On the one hand, as task values do not depend greatly on the specific situation, one could argue that it is useless to implement value-supporting elements in the instruction. On the other hand, variance in task values was observed between situations. In particular, for teacher education students, there is a need to design elements to enhance their value beliefs concerning the university mathematics content. As these students intend to become schoolteachers, they are often confused regarding the purpose of including university mathematics in their program curriculum (Geisler, 2018). To fulfill their wishes and not lose sight of the aims of university mathematics courses, mathematical tasks that link school mathematics and university mathematics could be implemented (Bauer & Kuennen, 2016; Weber et al., 2020). Recently, Liebendörfer and Schukajlow (2020) reported on relevance interventions for teacher education students in a lower secondary school program that may also have the power to enhance task values. In their study, they found no direct effect of their interventions on students’ interest (in contrast to the results of Gaspard et al., 2015); however, the quality of students’ reflections in the intervention related to students’ interest at the end of the intervention. Combining their results with the results of the present study, it can be questioned whether short interventions are always the adequate way for enhancing students’ value beliefs in this university context. Long-term interventions, in the sense that students get the opportunity to reflect several times during their learning process on the relevance of the content (Hulleman & Harackiewicz, 2009), seems to be necessary.

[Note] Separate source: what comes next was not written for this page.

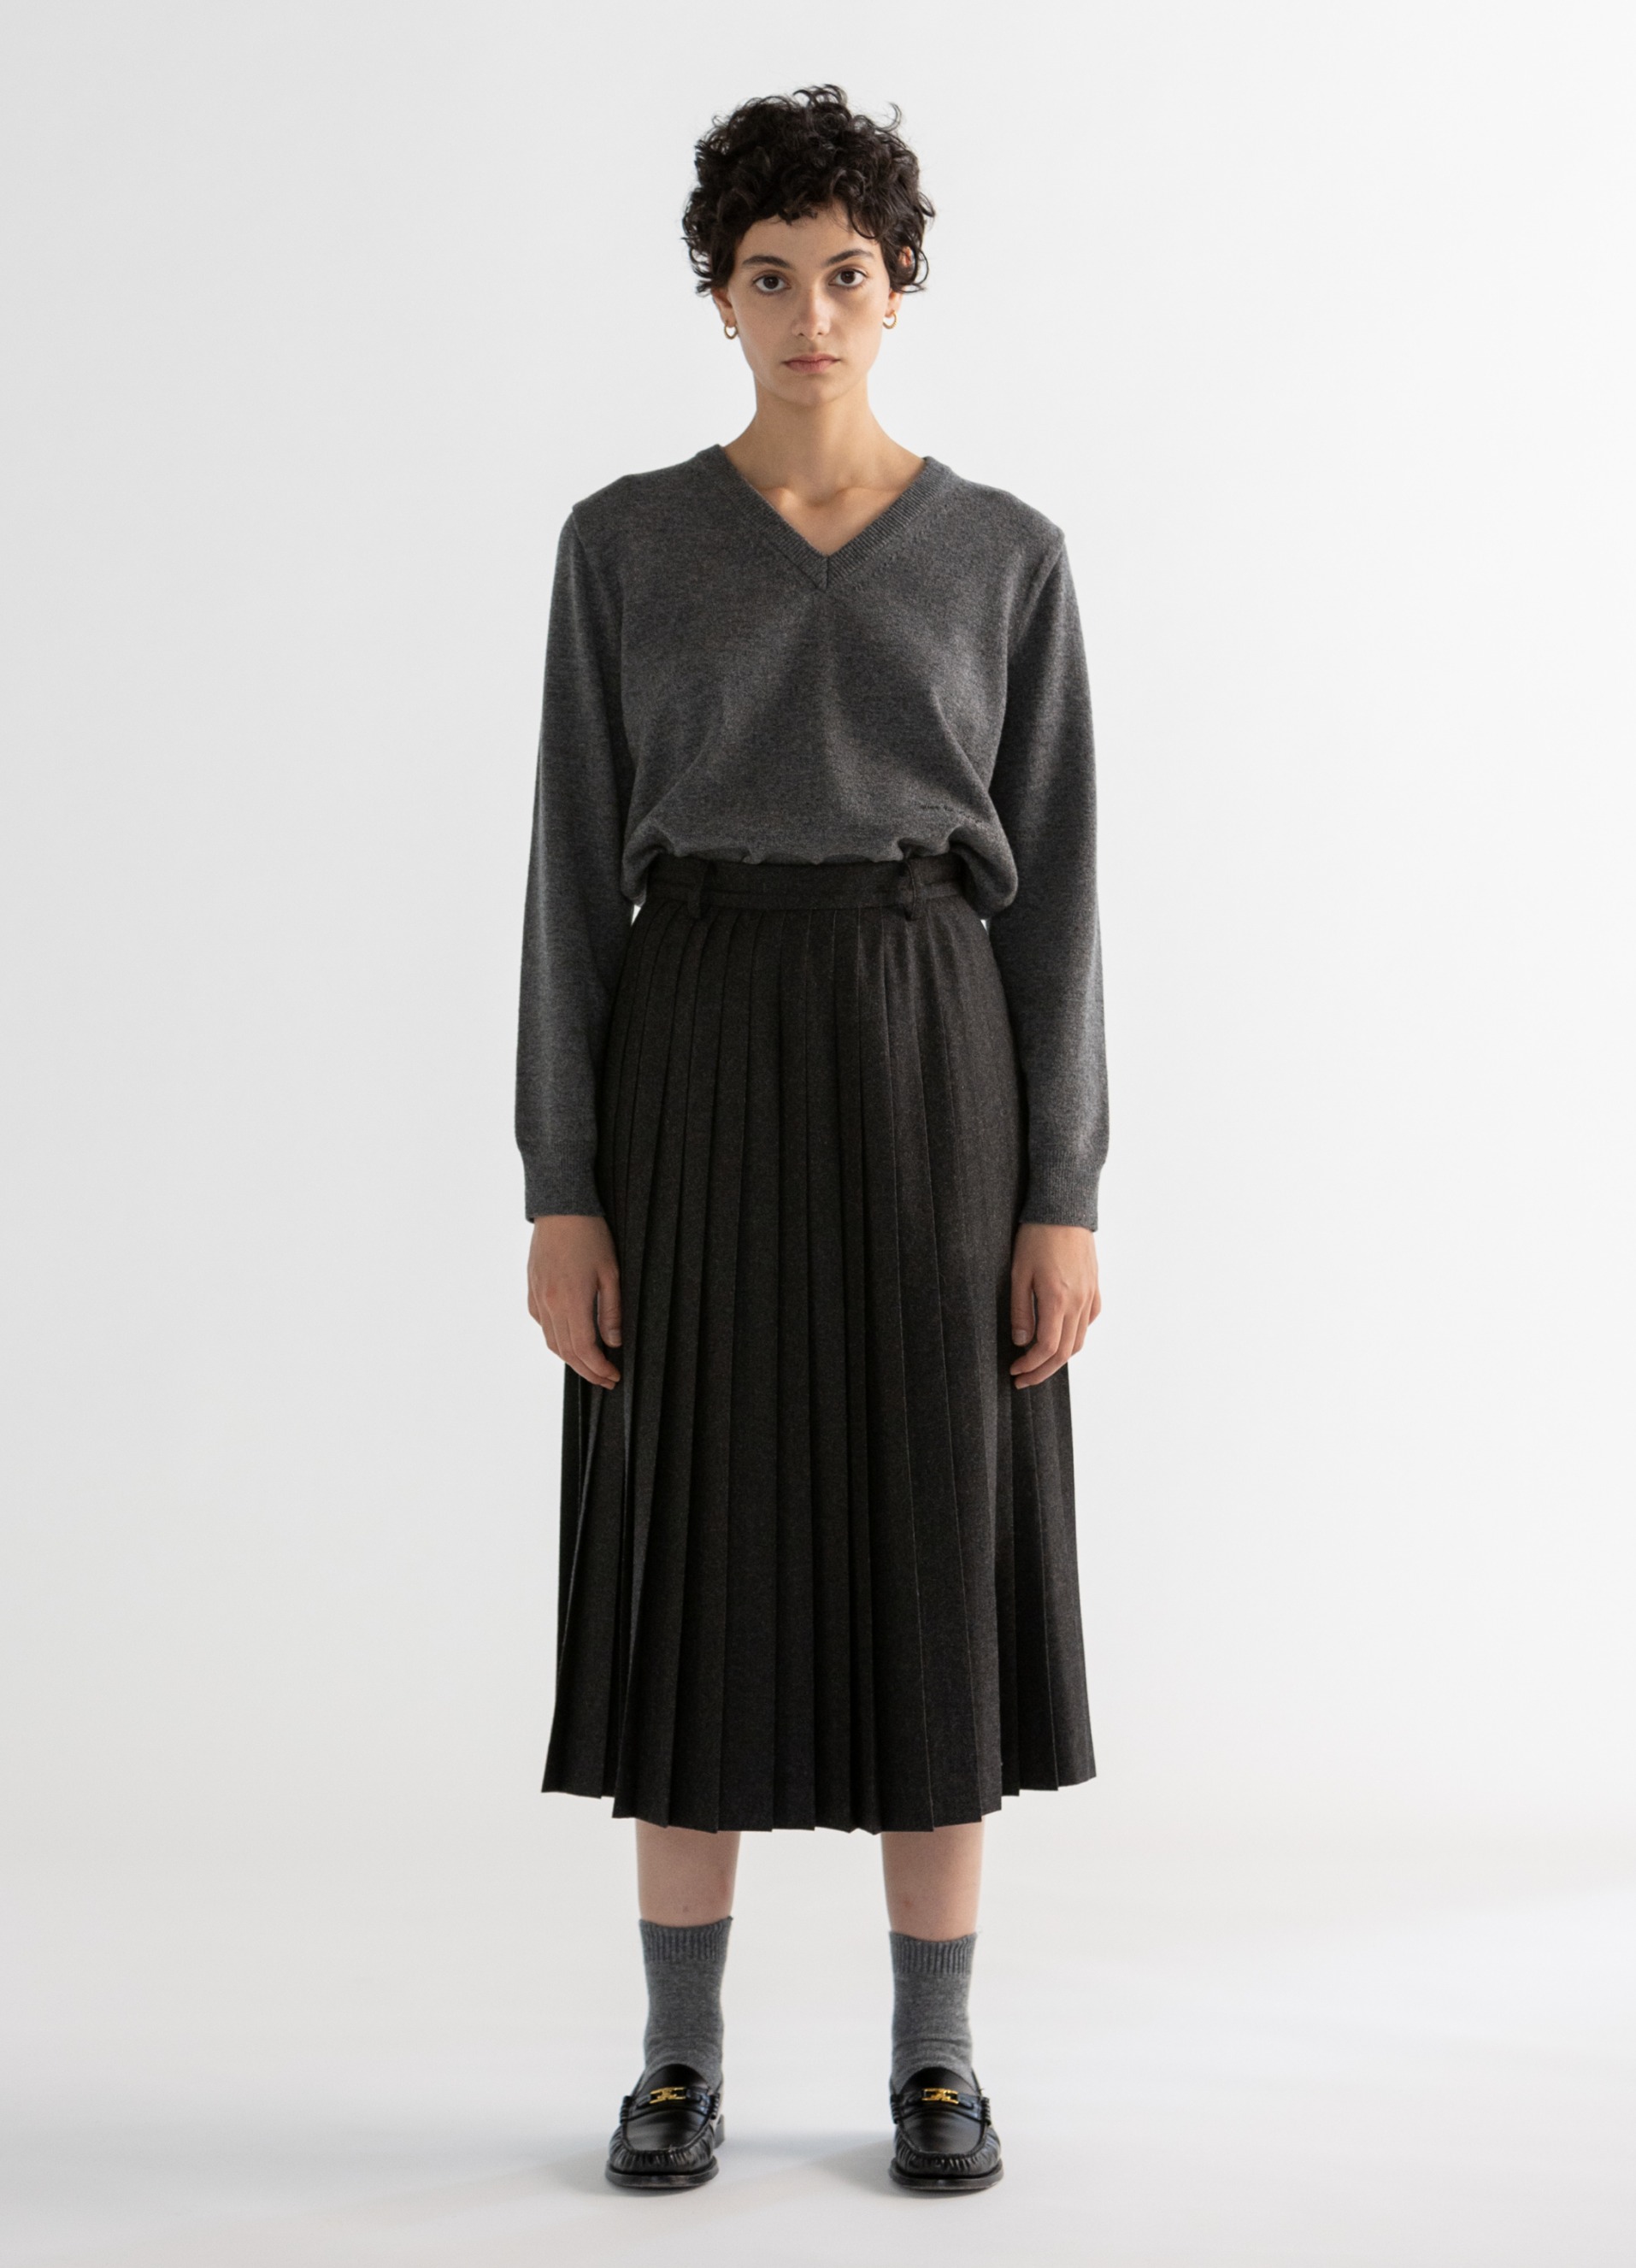 Lodovico Pleated Skirt (Charcoal) Out of Stock
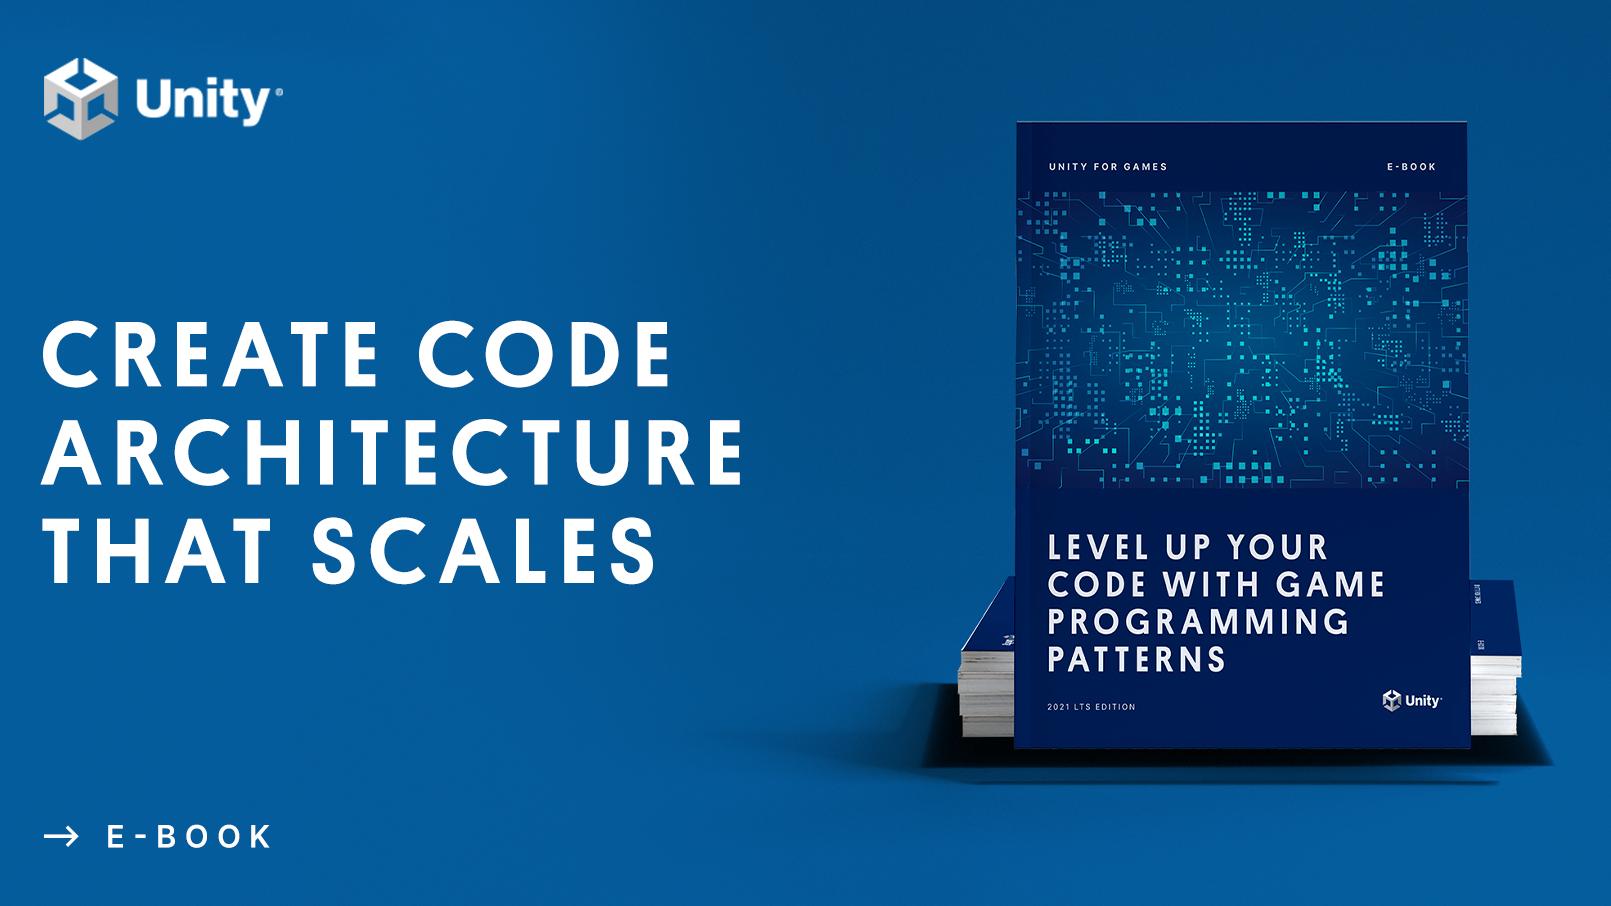 Create code architecture that scales | e-book promotional image

In addition to implementing relevance interventions regularly in the lessons, it is important to enable students to identify these elements so that the elements can take their effect on students’ motivation (Hulleman et al., 2017; Liebendörfer & Schukajlow, 2020). Basic needs, specifically, experiences of autonomy and competence, relate positively to task values. Therefore, if students do not feel autonomous or competent, it is difficult for them to value the mathematical content in university courses. Further research should analyze in specific contexts under which conditions, e.g., short- or long-term, interventions can enhance students’ value beliefs.